4. INCLUDING pulling me OUT of LAX airport. NEVER EVER again!!!


----------



## Seamus (Jun 21, 2018)

The famous Lyft Switcheroo was the last straw for why I deleted the Lyft app. It was happening too frequently and I am very selective about what Lyft orffers I'll take. The final straw was I was going to the airport an hour and fifteen minutes away to pick up a family member so I set a DF to get paid for my errand. Got a 45+ offer....perfect. 5 minutes from the pickup I got the "Switcheroo" to a pickup that ended up horizontal and a 3 minute ride. FU LYFT!!!!! DELETE.


----------



## Another Uber Driver (May 27, 2015)

radikia said:


> as soon as they switch me to a ride I did not agree to take , I cancel . Independent contractor right ?

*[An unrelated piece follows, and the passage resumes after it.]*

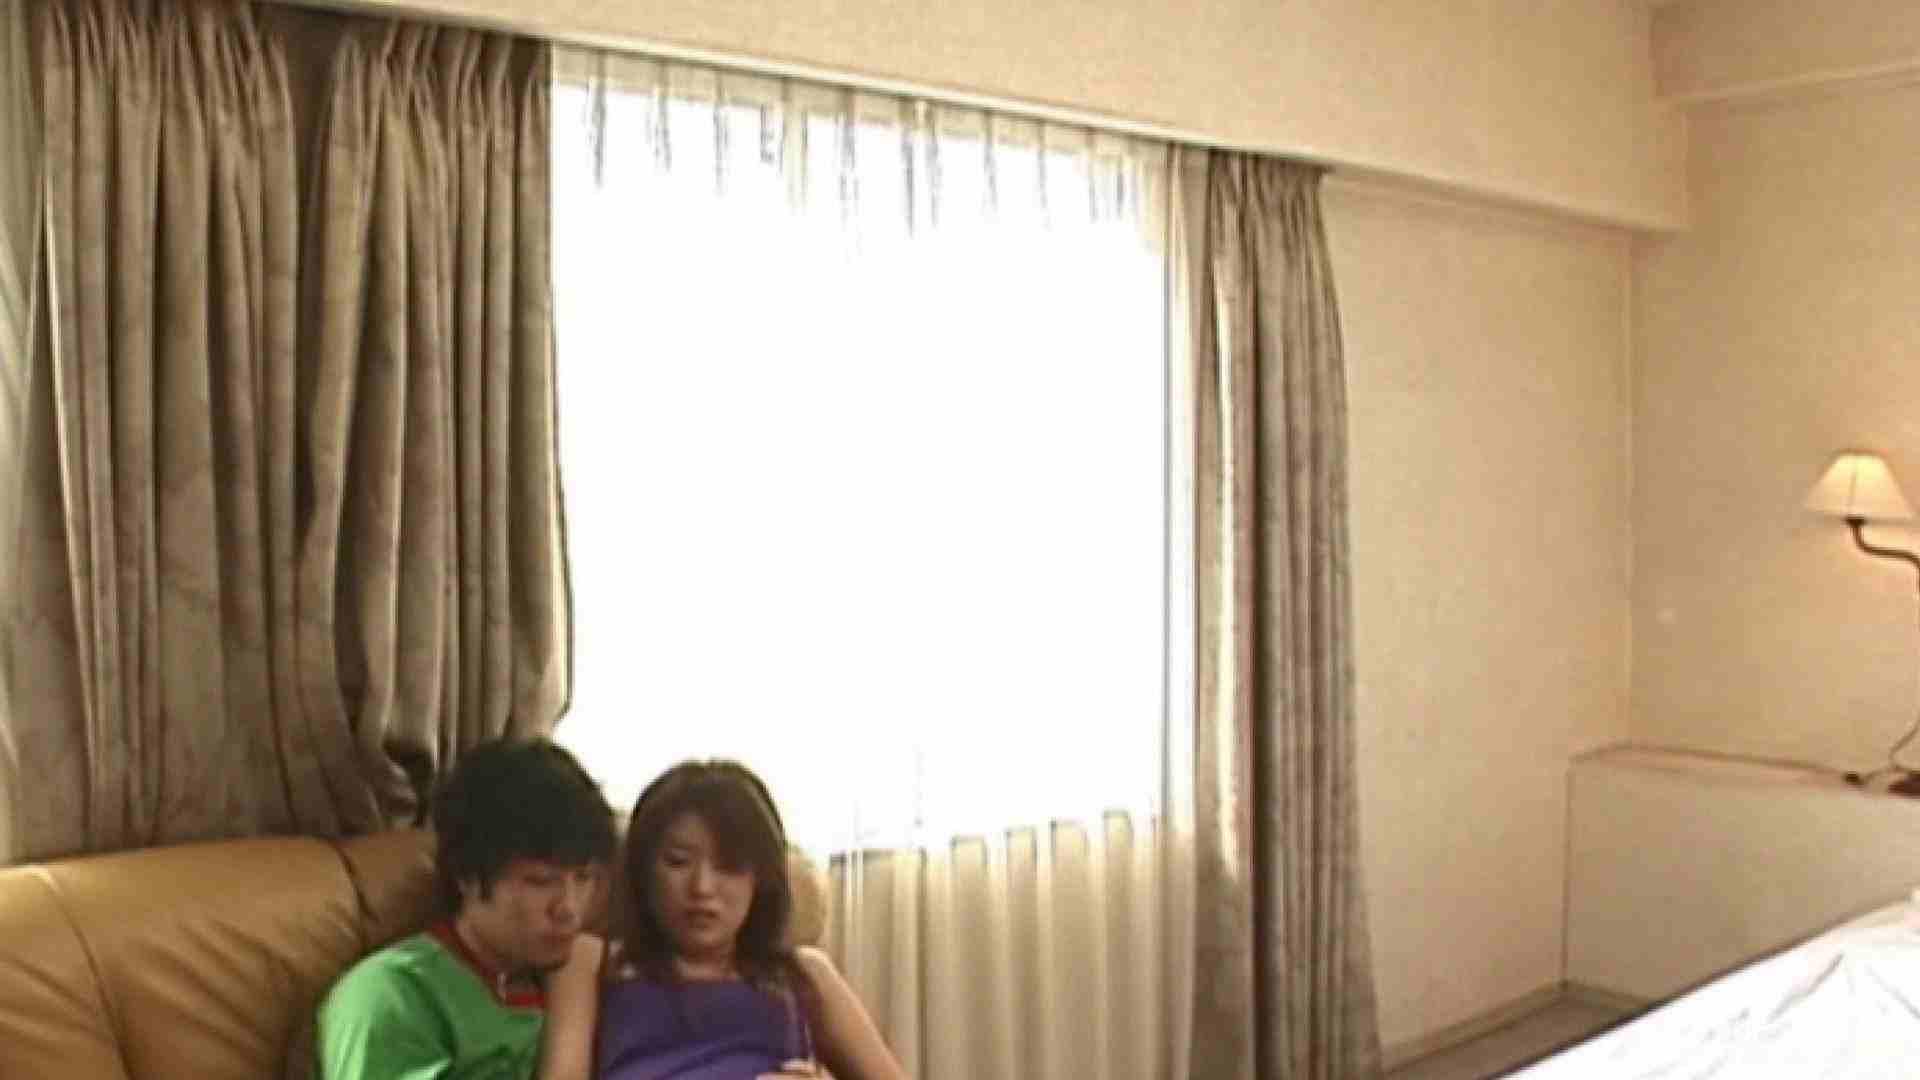 S級厳選美女ビッチガールVol.53 OLヌード天国 のぞき動画画像 95PIX 32

In my several e-Mails that complained to Gr*yft* about the switcheroo, I did state that it violated my status as an independent contractor. There are several reasons that it does. It takes away a job that I did accept and replaces it with one that not only did I not accept, but, never was given the opportunity to accept or decline. The opportunity to accept or decline is a key component of my status as an independent contractor. In addition, the switcheroo is a double barrelled double standard. If I cancel too many jobs after I accept them, Gr*yft* will de-activate me. Gr*yft*, however, can cancel as many of my jobs as it will after I have accepted them and suffer no consequences. If I cancel the replacement job, it counts against me for cancel-after-accept and hastens the day of my de-activation.

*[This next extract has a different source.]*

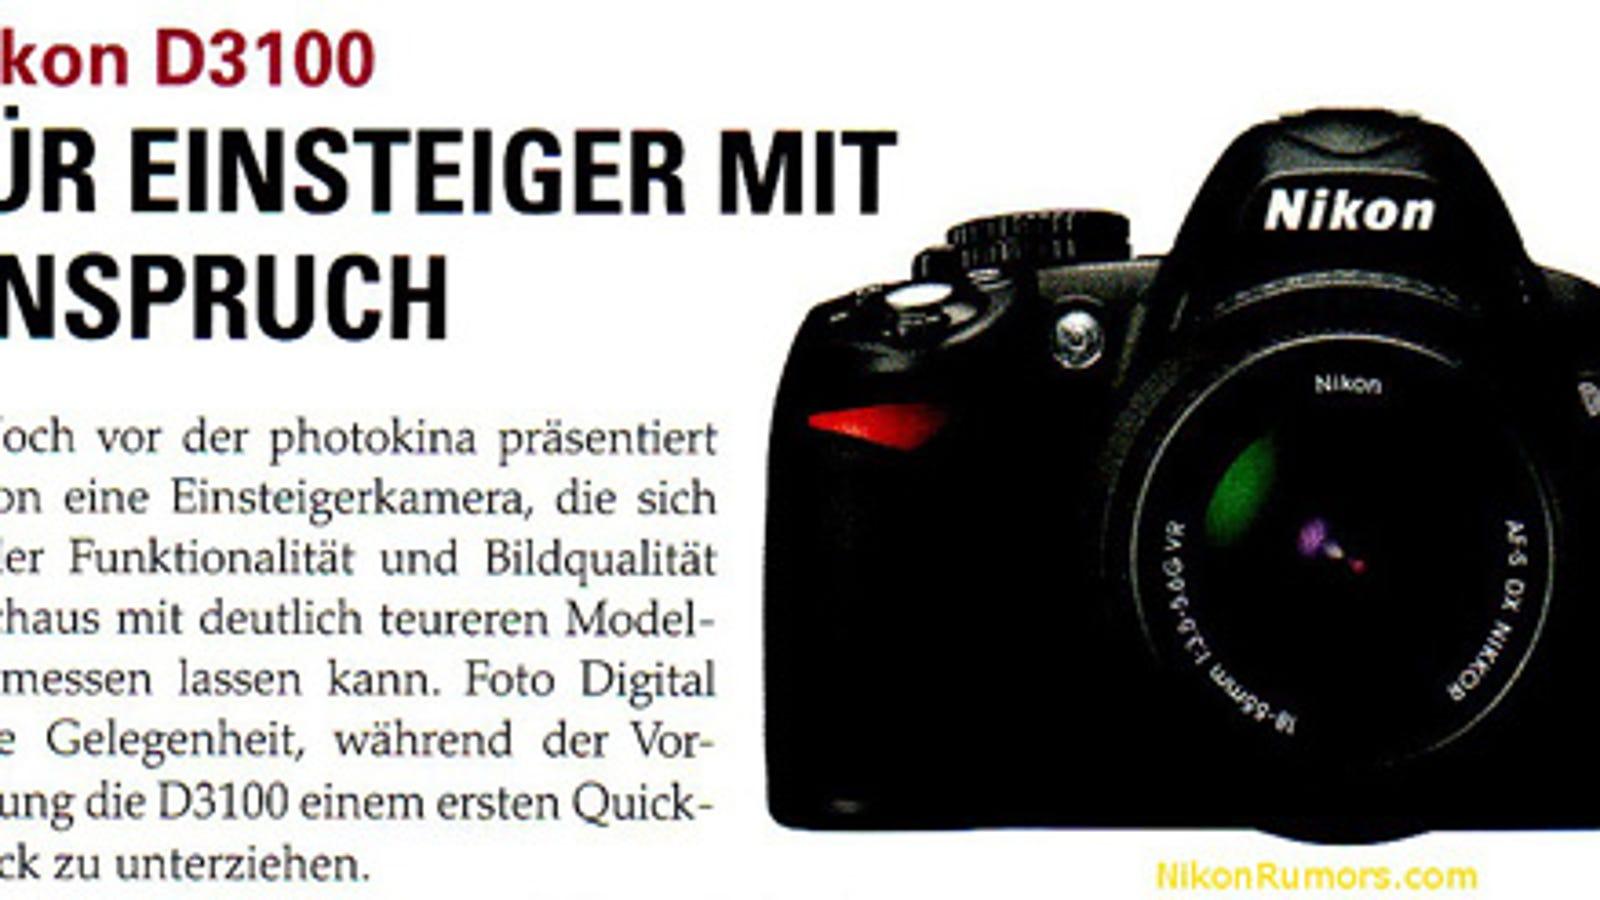 Nikon D3100 Leaked Details Reveal a 14 Megapixel CMOS Sensor and

If you tried to bring legal action on this while still an active driver, you would have a hard row to hoe. You would have to accumulate years of switched out jobs to prove any significant adverse economic impact. You would have an easier time once de-activated for too many cancellations after accepting. You would have to keep records on the switcheroos, though. You would need screenshots of accepted jobs, screenshots of the actual switcheroo and screenshots of your cancellations. You would have to record where you were when you accepted the initial job, where you were when Gr*yft* pulled the switcheroo. Your lawyer would have to file voluminous discovery requests and fight through Gr*yft*'s stalls, dodges, ducks and obfuscations.

F*ub*a*r* did end the switcheroo quietly in my market. I am guessing that it was due to a large number of driver and customer complaints as well as no covers or outright cancellations. As Gr*yft *is number two in my market, the sheer volume of the foregoing is less, thus it does not see the impact as does F*ub*a*r*.

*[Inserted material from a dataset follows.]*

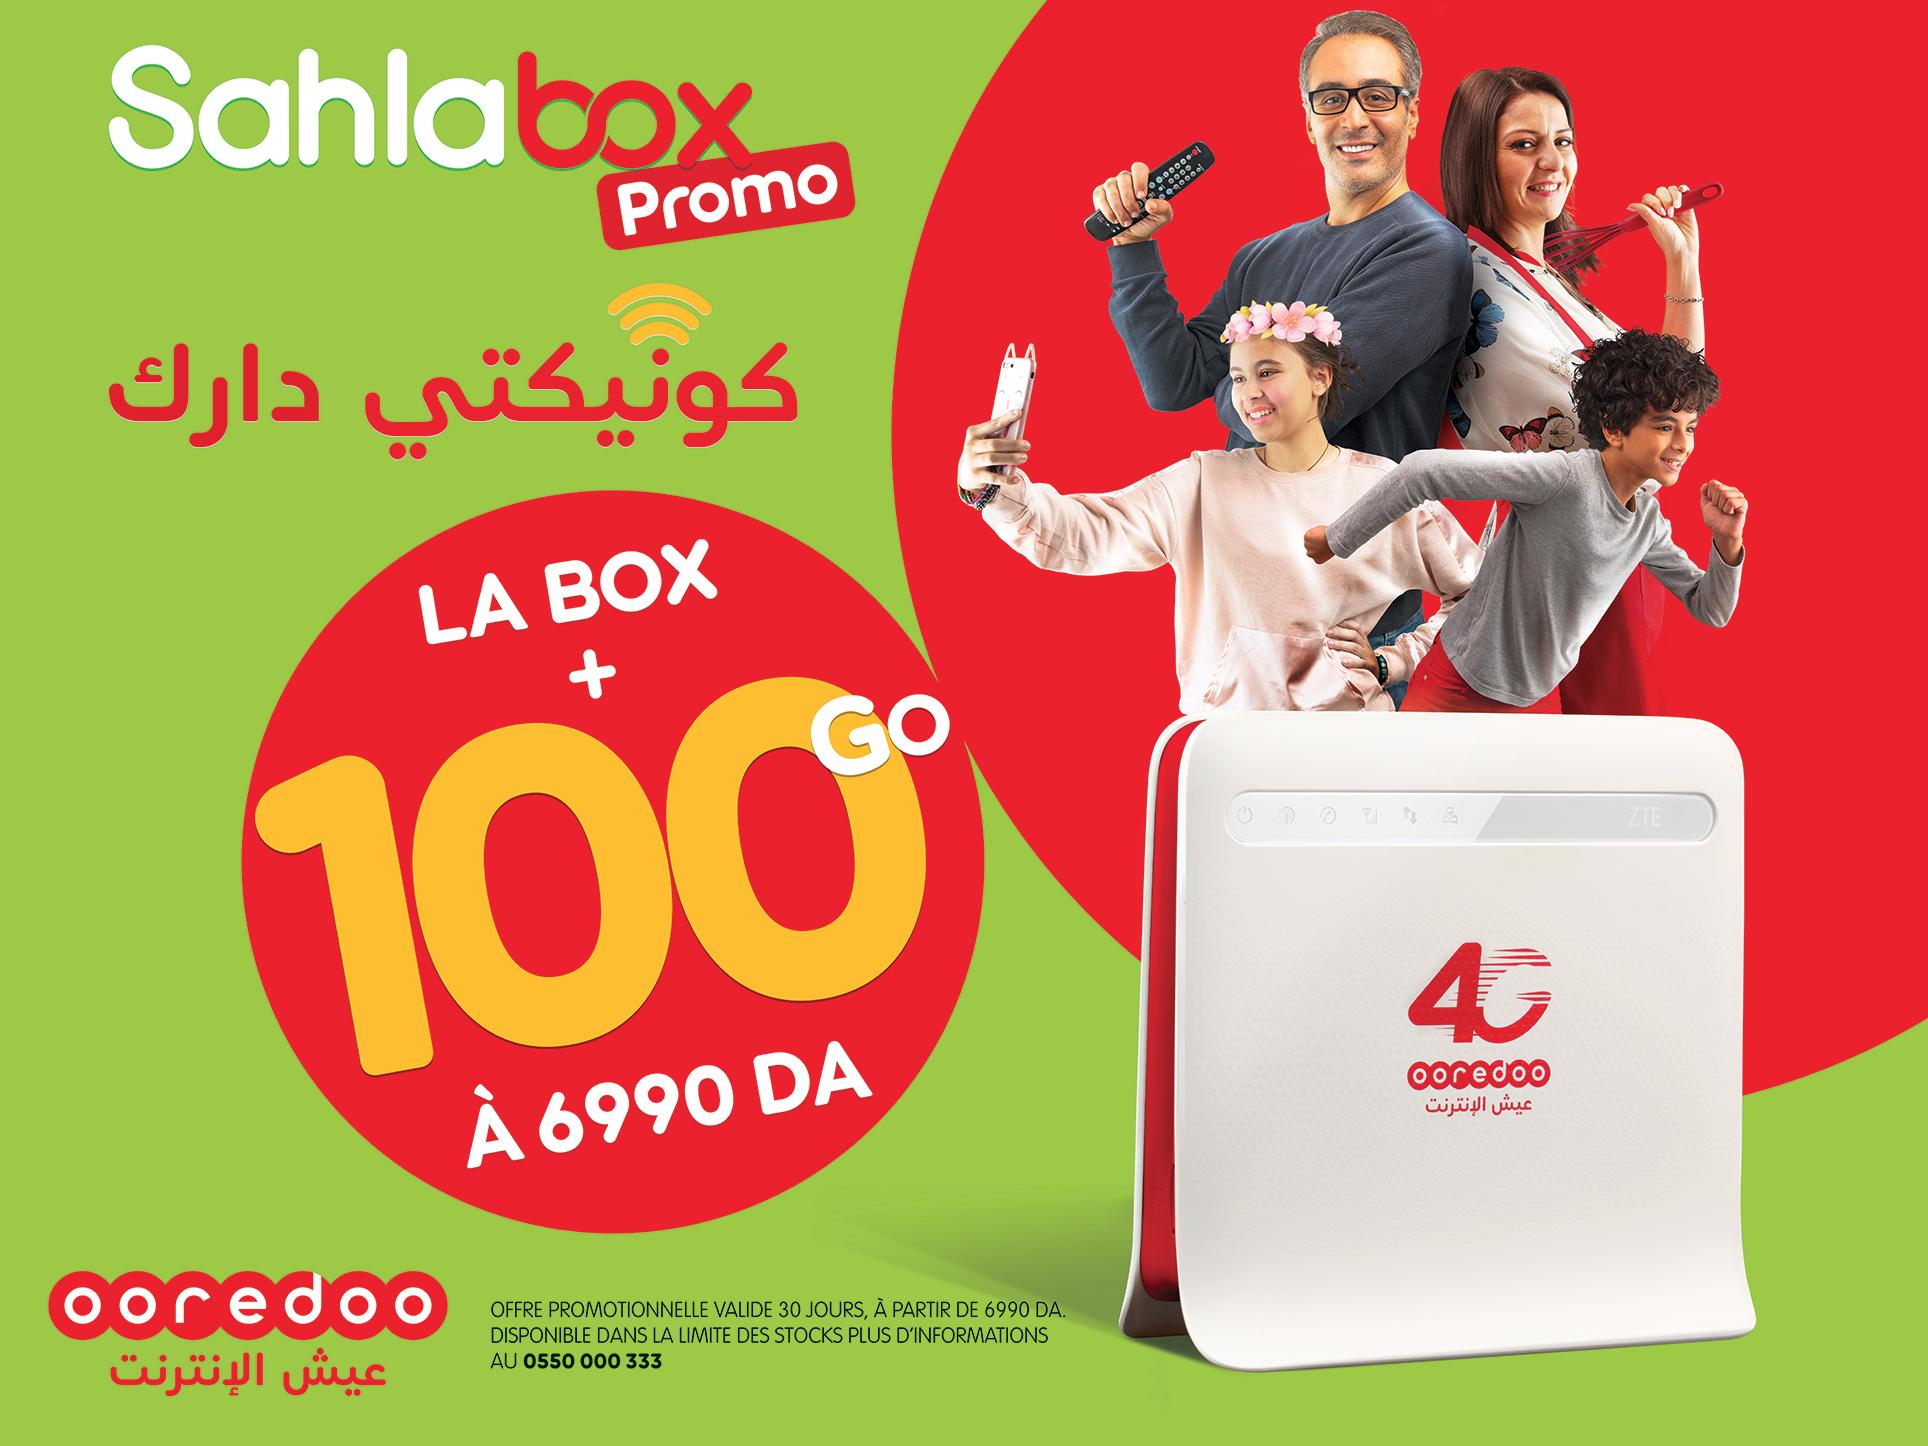 Photo Promo Sahla box

For me, it was the same with both platforms. The switcheroo was an automatic no-cover in nine point five cases out of ten. 






Seamus said:


> I am very selective about what Lyft orffers I'll take.


............THAT, precisely. I am far more selective on Gr*yft* than I am on F*ub*a*r*. I am almost to the point that unless I am working a Streak Bonus, I decline almost anything more than three minutes from me. There are two reasons for this. One is the swticheroo. The other is the pay cut on cancellations.

You got the double barrelled shithooking on that destination filter job. Both platforms consider a local, regardless of the cardinal direction in which it is going, within the parameters of a destination filter. I could be downtown; set my destination filter for the extreme western part of the city. The application will then send me five blocks east for a job that is going seven more blocks east. It could keep repeating this until I could wind up in the extreme east and of the city. Some have advised using the time setting, but I have found this ineffective. Gr*yft* gives you the option to select "only jobs going toward my destination", but, still it considers the local for which you run in the opposite cardinal direction to haul in the opposite cardinal direction to be within tolerances. As I drive in an urban area, the adverse impact is magnified by traffic and capricious lights. I might not be going too far out of my way in terms of linear meters, but, I am spending an inordinate amount of time out of my way due to traffic and adverse signals. Add to this jaywalkers, kiddie cars and Spandex Boys, and you have a recipe for disaster.


----------



## June132017 (Jun 13, 2017)

It makes the blood boil sometimes. Maybe you're in a 3 lane intersection turning left and swicheroo you to make a right turn, but you're basically locked in to making a left turn. Blood boil : D.


----------



## Another Uber Driver (May 27, 2015)

I had a Gr*yft* switcheroo actually work out better for me to-day. I was working a fifteen dollar and change streak bonus, so when a ping six minutes from me showed up on my screen, I had to take it. I got the switcheroo four minutes into it for a job at which I was looking. It was a street corner job, which I hate, but the people actually were looking for me, so that made it easier. I had a destination filter on, as well, so that kept me from a switcheroo to an unprofitable job.


----------